Audioguides sind in Museen inzwischen Standard, vermehrt kommen auch Multimediaguides mit grafischer Benutzeroberfläche und neuerdings auch Smartphone-Apps zum Einsatz.

Ein zentrales Problem blieb dabei bislang ungelöst: Die intuitive Zuordnung von Objekt und Information. In der Regel findet der Nutzer eine Nummer neben dem Exponat, die er in das Gerät eingeben muss, bei anderen Systemen erfolgt der Aufruf über Pläne oder Listen – alles keine Lösungen, die wirklich befriedigen können.

Auch Versuche mit Infrarotbaken (z.B. von Eyeled) führten nicht weiter, zumal inzwischen bei den Endgeräten die Schnittstellen nicht mehr vorhanden sind. Technisch möglich ist auch eine Triangulation über verteilte WLAN-Stationen und der Einsatz von RFID-Tags, doch hier ist in der Regel der Aufwand für Infrastruktur und Wartung zu hoch.

Einen neuen, vielversprechenden Ansatz hat nun Peter Meier, CTO des Münchener Unternehmens metaio in einem Video vorgestellt. Das Prinzip: Mit der Kamera eines Smartphones, auf dem metaios Augmented-Reality-Browser junaio als App installiert ist, liest der Nutzer einen neben dem Objekt angebrachten Marker  ein. Damit kennt junaio die präzise Position des Nutzers. Informationen zu den Exponaten und zur räumlichen Orientierung können dann, wie bei Augmented-Reality-Anwendungen üblich, in den Video-Livestream eingeblendet werden. 

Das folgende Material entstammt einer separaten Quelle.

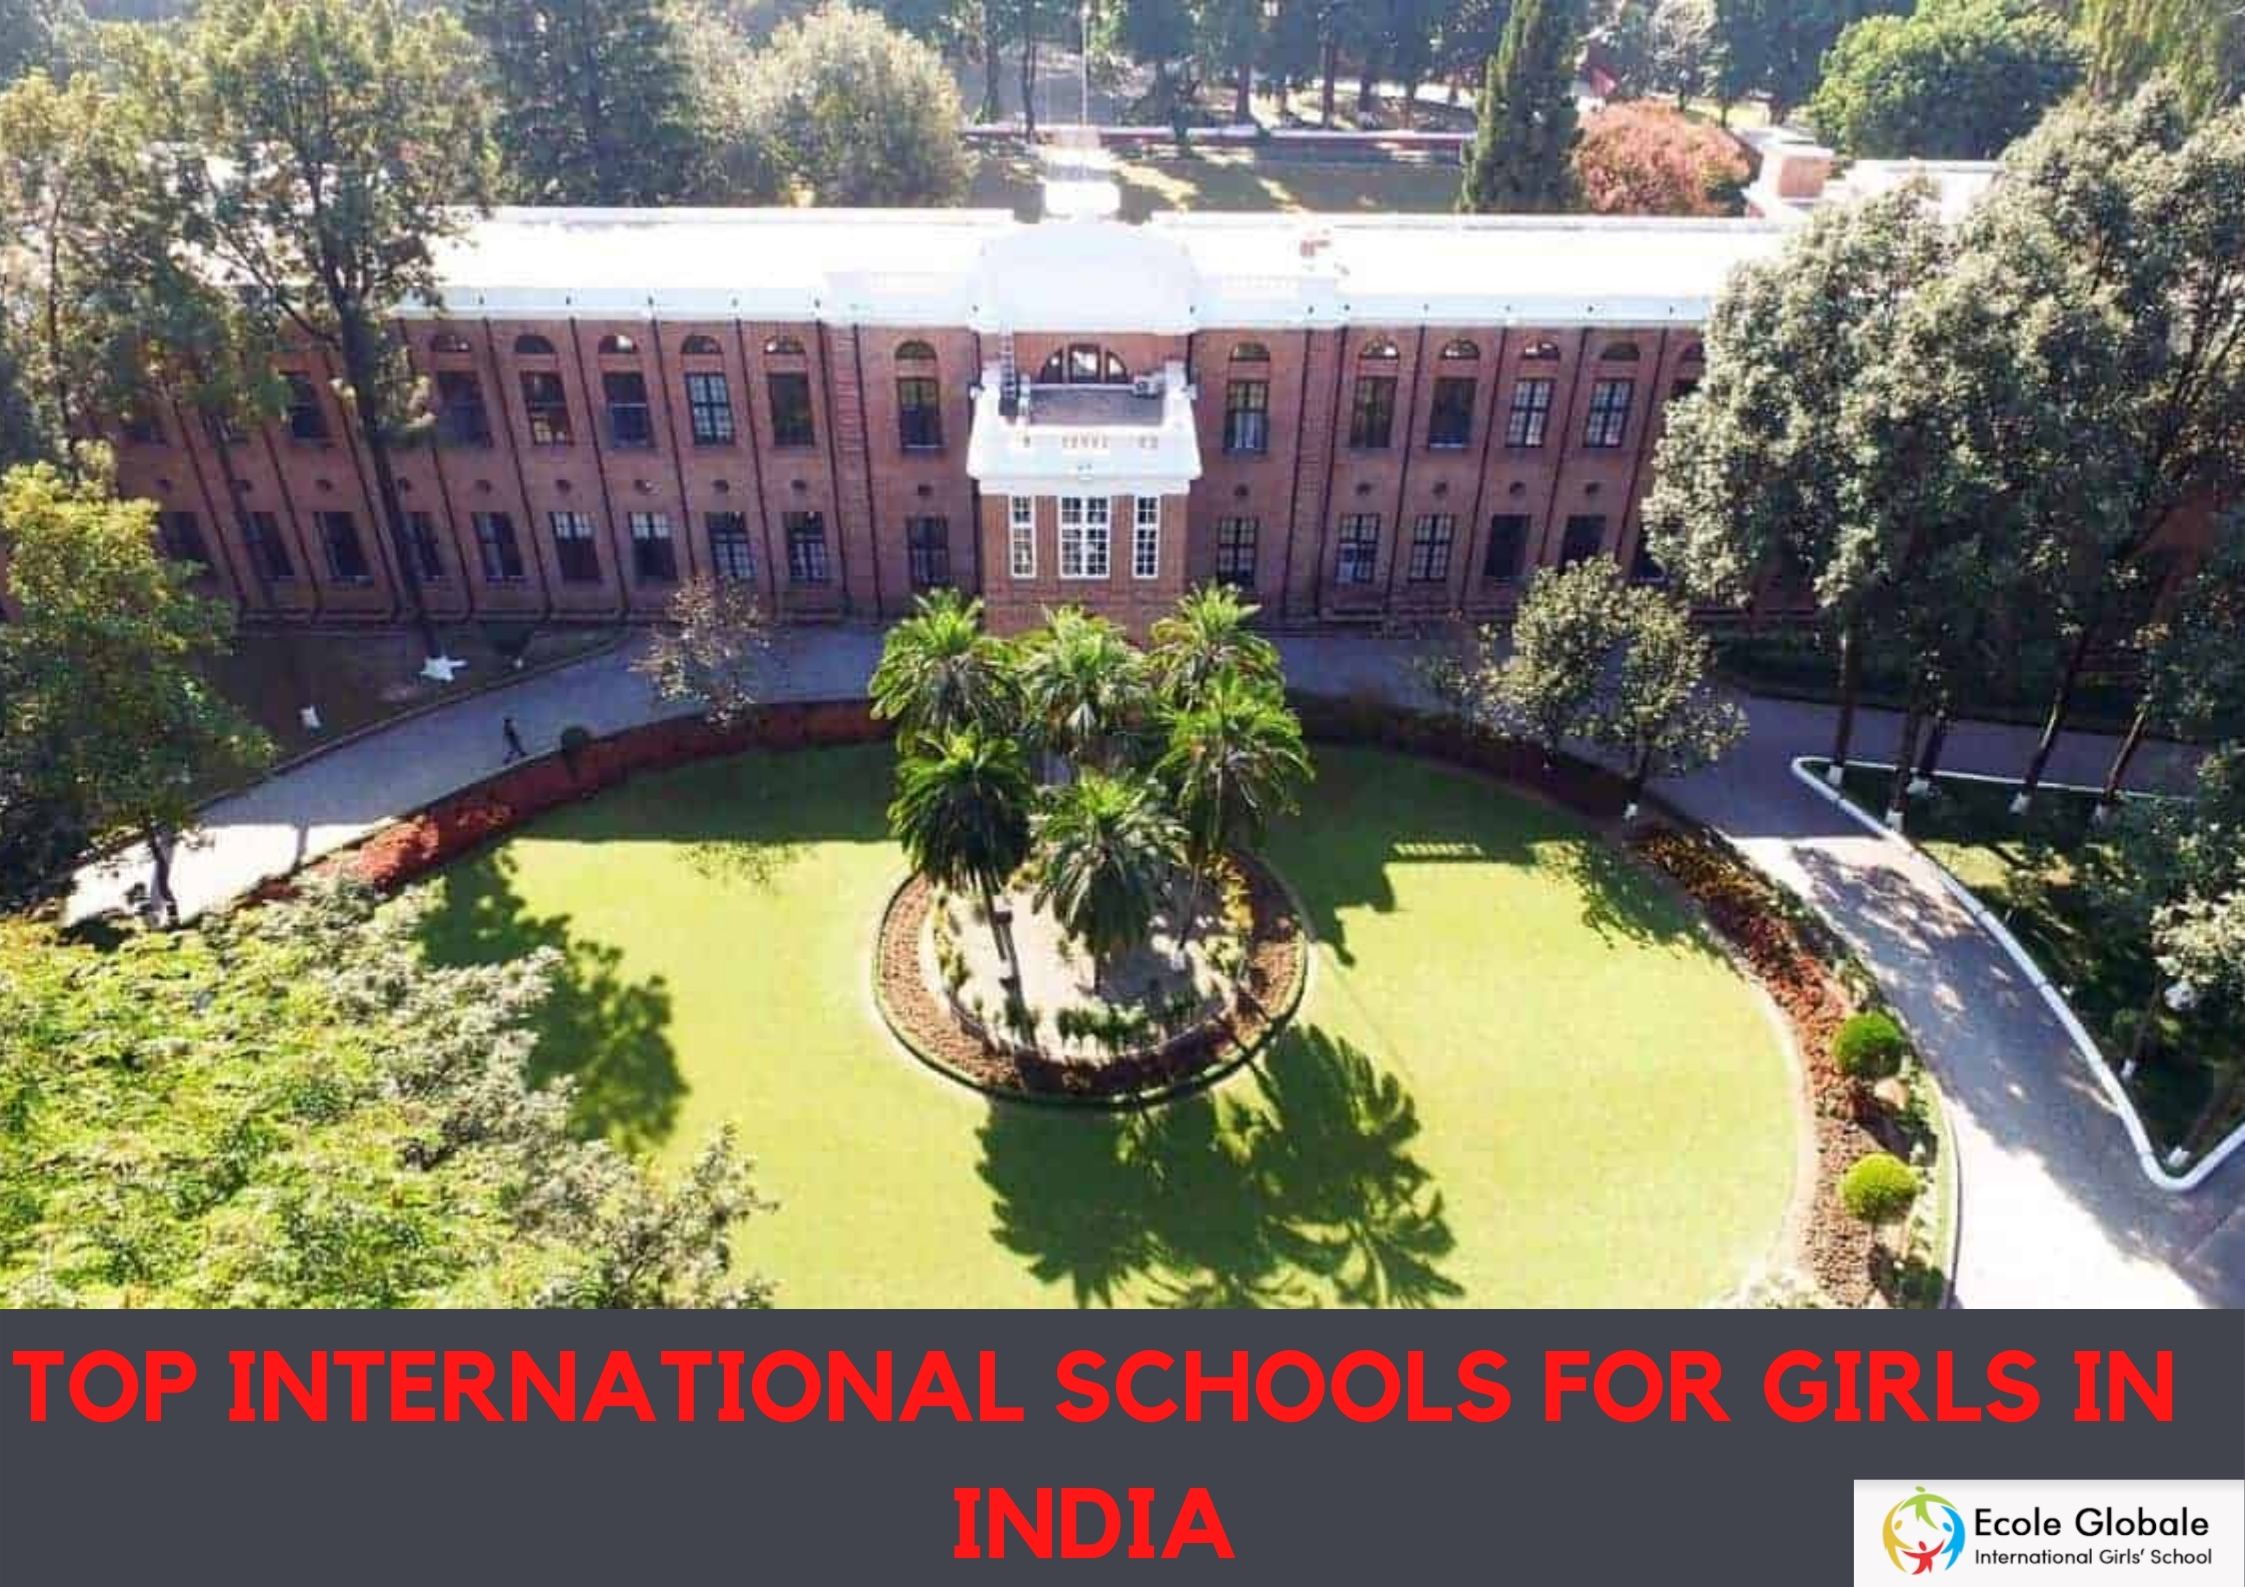 TOP INTERNATIONAL SCHOOLS FOR GIRLS IN INDIA

Screenshot aus dem Developer Brief von metaio

Damit umgeht metaio das Grundproblem von Indoor-AR-Anwendungen: die fehlende GPS-Ortung. Die in den junaio-spezifischen LLA-Markern kodierten Geokoordinaten überschreiben für eine festgelegte Dauer die Standortinformationen des Geräts.

Informationen zur räumlichen Orientierung, wie die Stationsnummern, die im Screenshot auf dem Bildschirm des iPhones zu erkennen sind, können als 2- oder 3-D-Objekte im virtuellen Raum hinterlegt werden.

Der eigentliche Content wird über eine eingeblendete Box erschlossen. Grunddaten können dort direkt angezeigt werden, eine Schaltfläche führt zu einer mobilen Website mit weiterführenden Inhalten. Da junaio über einen integrierten Browser verfügt, muss dazu die Anwendung nicht verlassen werden.

Wie bei allen Smartphone-gestützten Systemen erreicht man natürlich nur den entsprechend ausgesatteten Teil des Publikums. Da junaio nur online funktioniert, sind zudem die Besucher mit ausländischen Mobilfunkverträgen praktisch ausgeschlossen.

Fazit: Die von metaio skizziert Lösung ist sicherlich ein interessanter Ansatz, man darf gespannt sein, wie er sich in der Praxis bewähren wird.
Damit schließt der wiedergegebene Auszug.